Community adoption has been strong: SpatialData is the default data structure for Squidpy 2.0 and is integrated into the scverse ecosystem roadmap.
Honest Assessment¶
Strengths:
- Solves the right problem at the right time: as spatial omics technologies proliferate, a universal data framework prevents the field from fragmenting into technology-specific silos.
- The five-element data model (images, labels, points, shapes, tables) is general enough to represent any current spatial omics modality.
- FAIR-compliant on-disk format (OME-NGFF/Zarr + Parquet) enables efficient storage, sharing, and lazy loading of large datasets.

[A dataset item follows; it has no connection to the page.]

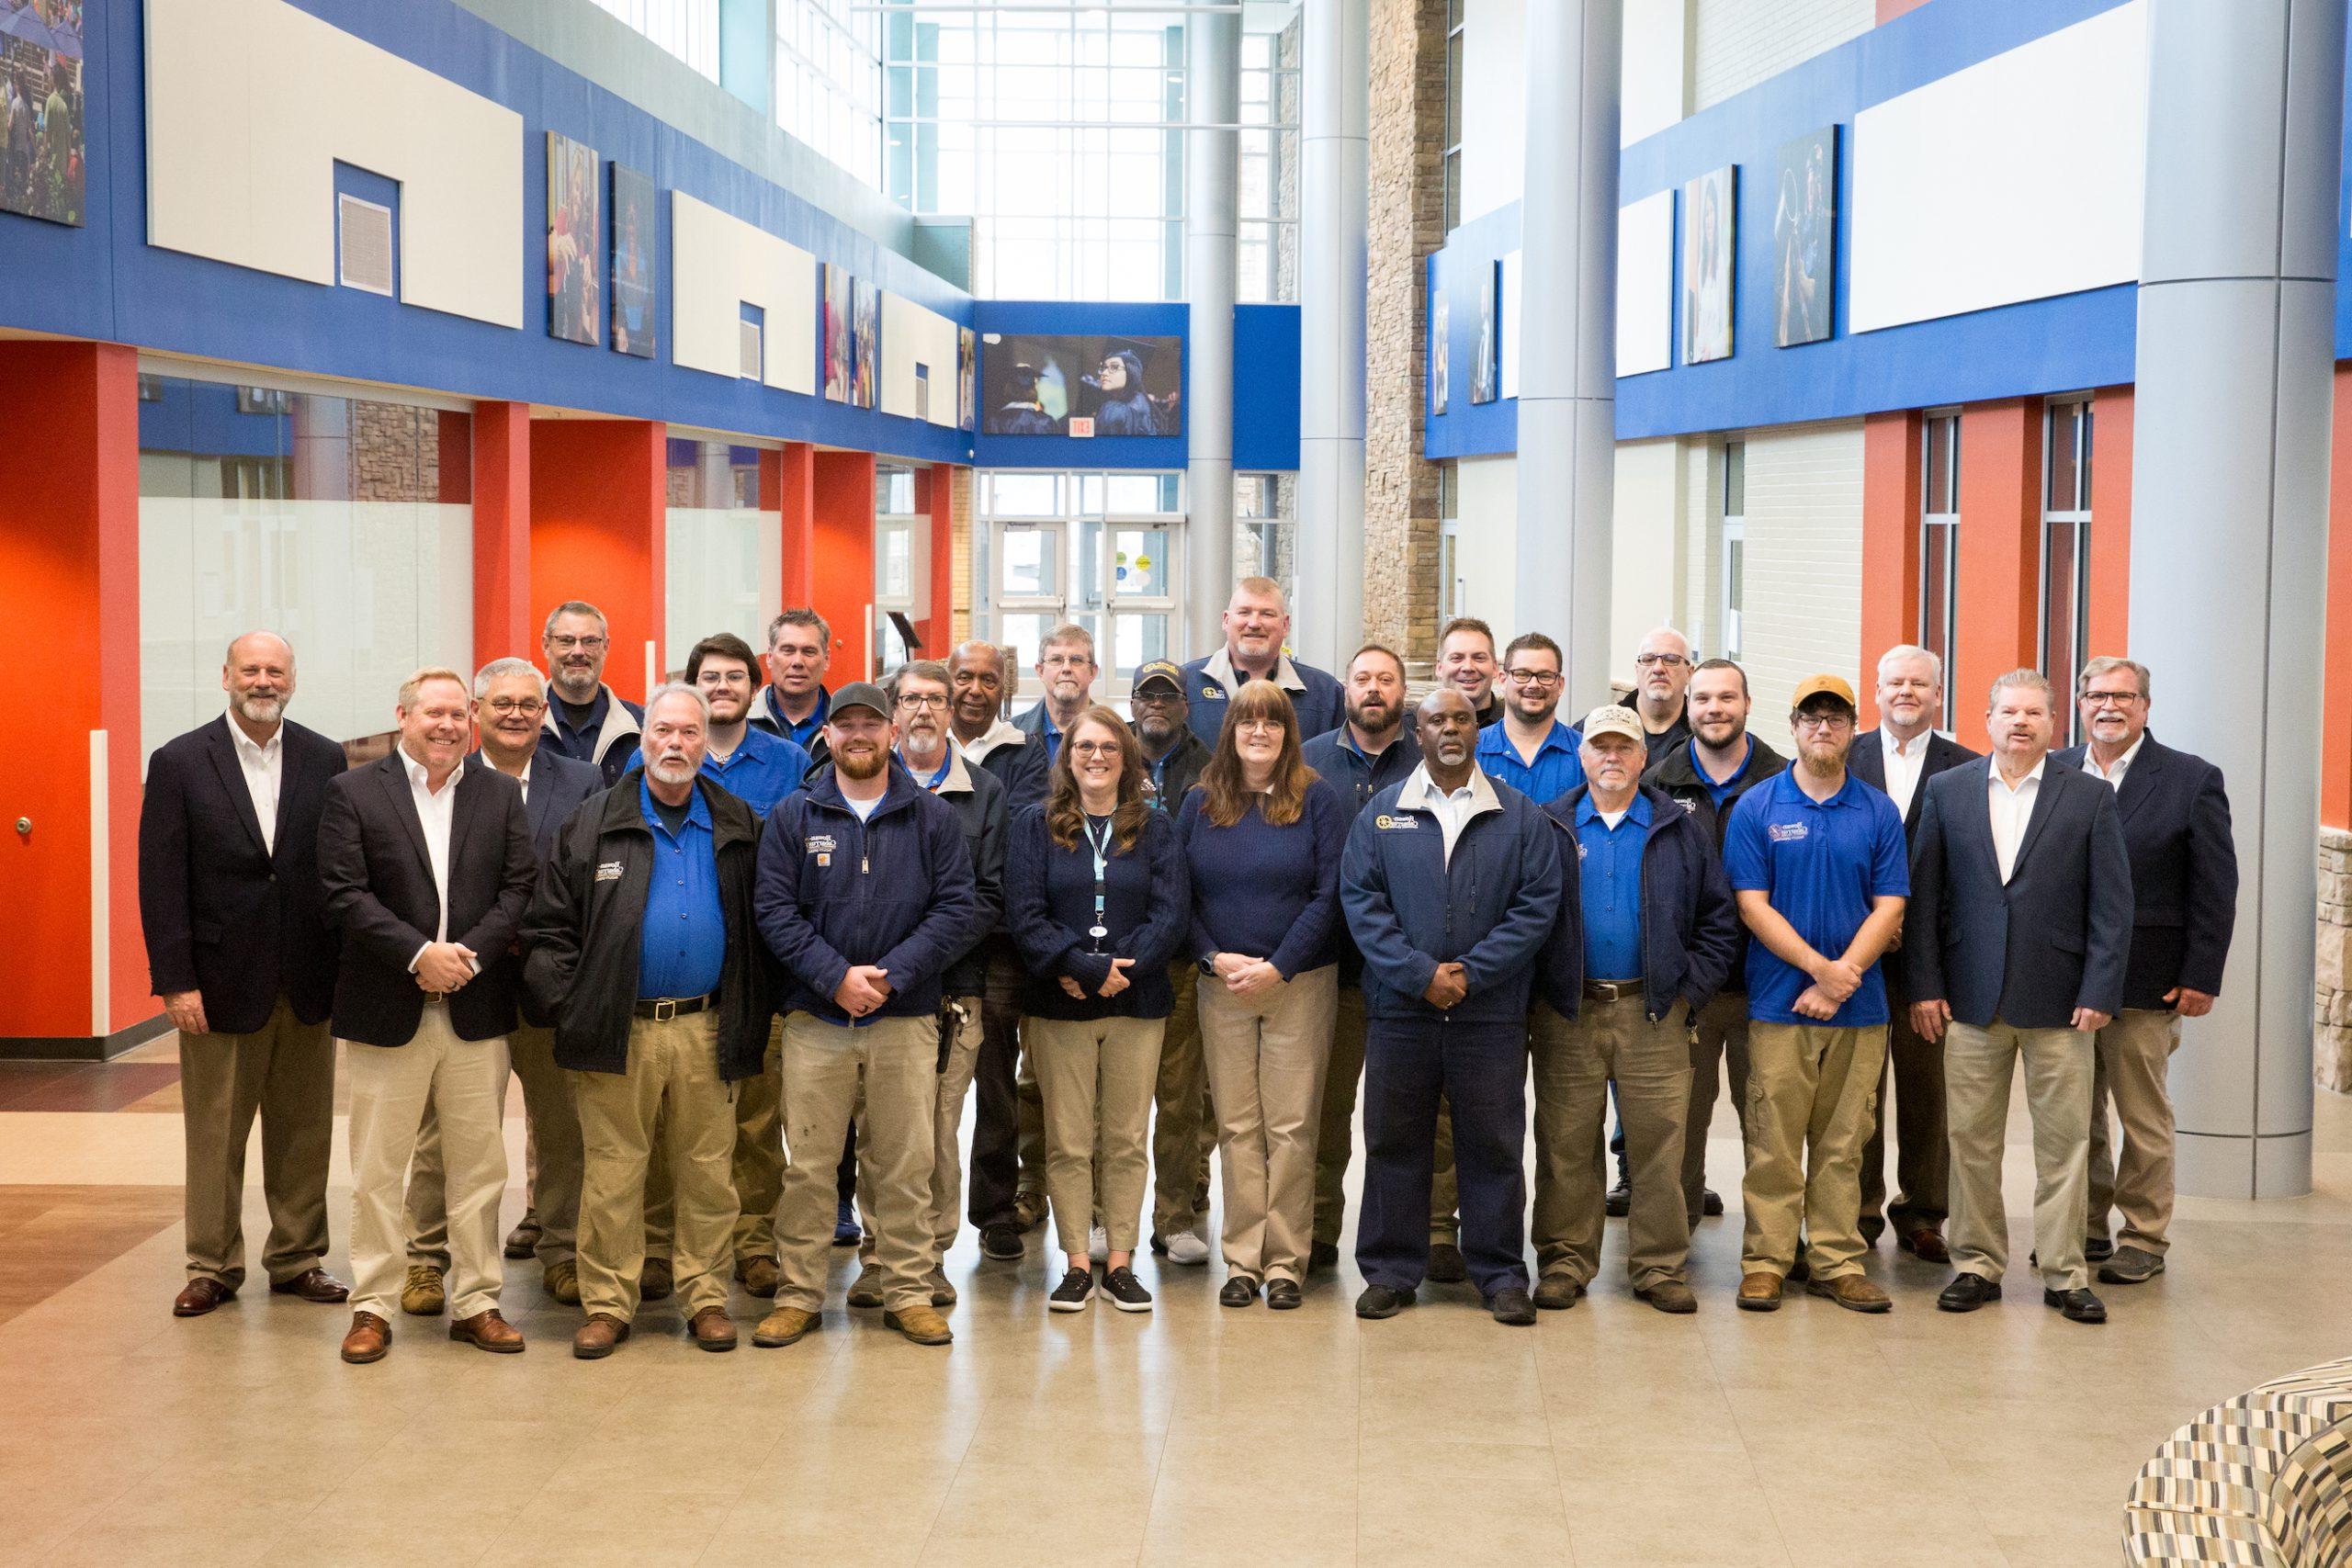 College Environment staff pose for group photo in Atrium on North Campus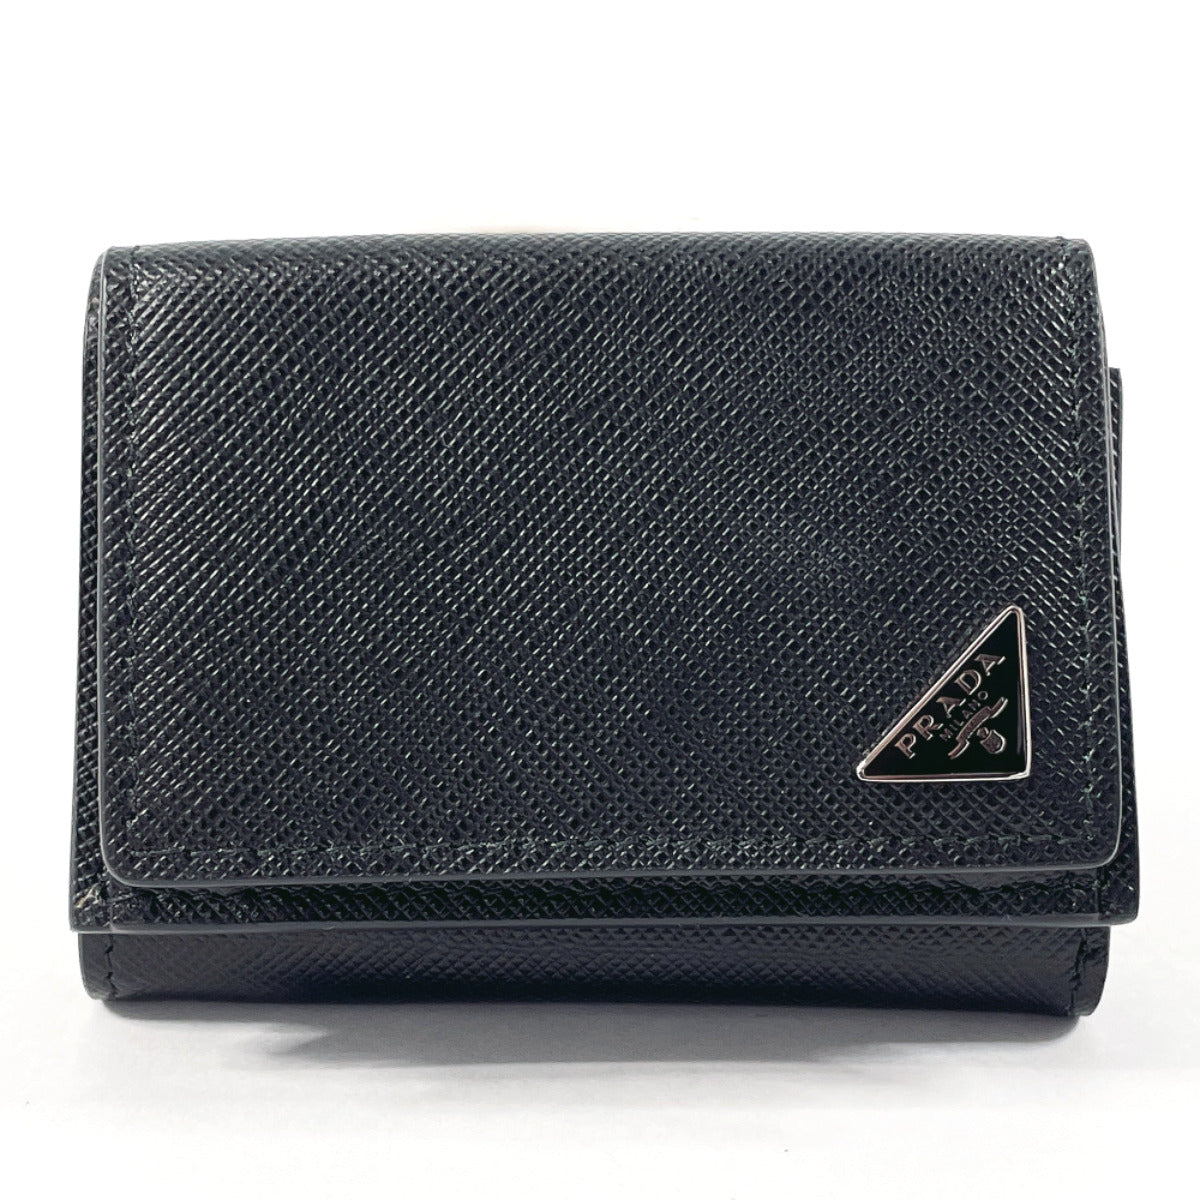 Prada Saffiano Trifold Wallet Short Wallet Leather 2MH021 in

- Deep scverse integration means existing scanpy/Squidpy workflows can operate on SpatialData objects with minimal modification.
Limitations:
- Significant learning curve: the coordinate system, spatial transformations, and multi-element queries introduce new concepts that are unfamiliar to analysts coming from AnnData-only workflows.
- The ecosystem is still maturing -- not all spatial analysis tools accept SpatialData as input natively, requiring conversion steps that can introduce friction.
- Technology-specific readers need ongoing maintenance as vendors update their output formats, creating a maintenance burden for the development team.
- Performance on very large datasets (e.g., whole-slide Xenium with millions of transcripts) can still be challenging despite lazy loading.
Design Decision: The key bet is that a unified data model across technologies is more valuable than optimized per-technology data structures. This mirrors the AnnData bet for scRNA-seq, which proved transformative: once the community agreed on a data format, interoperable tools followed. SpatialData is making the same bet for spatial omics, and early adoption patterns suggest it will succeed.